Nie wiem po co. Zupełnie bezsensowny pomysł. Ja o takim czymś w każdym razie nie słyszałem, ale na uszczelniacz opon wszyscy mówią mleko. Zatem o ile ktoś zaznajomiony z tematem wie, że chodzi o płynny lateks w zasadzie, o tyle lajkonik robi wielkie oczy i zastanawia się czy musi być pełnotłuste czy jednak 2% wystarczy. Wiem, bo mam to samo jak opowiadam ludziom, dla których rower to nie styl życia.

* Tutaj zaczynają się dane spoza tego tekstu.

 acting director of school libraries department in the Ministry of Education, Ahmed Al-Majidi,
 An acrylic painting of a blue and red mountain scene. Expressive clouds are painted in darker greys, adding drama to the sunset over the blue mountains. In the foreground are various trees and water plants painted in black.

Dętkę w zapasie trzeba mieć, nawet z mlekiem, z którym z reguły nic się nie dzieje, ale jak już zaczyna to jest grubo.
Klucze i pompkę też wożę. Mam zestawy w małych pojemnikach, które mieszczą się w koszyku na bidon.
Trzy łyżki to i tak dużo. Czasem dwie się przydają zdjęcia opony, trzech nigdy nie musiałem użyć. Zwykle wystarczy jedna.
- wpk
- wpkx
- Posty: 38953
- Rejestracja: 10.2016
- Lokalizacja: Nad Wigołąbką
- Kontakt:
Re: Kolejny, cholerny/psioniczny dzień...
Do opon Woytuś.
- Owain
- Nasz Czelnik
- Posty: 14733
- Rejestracja: 11.2016
Re: Kolejny, cholerny/psioniczny dzień...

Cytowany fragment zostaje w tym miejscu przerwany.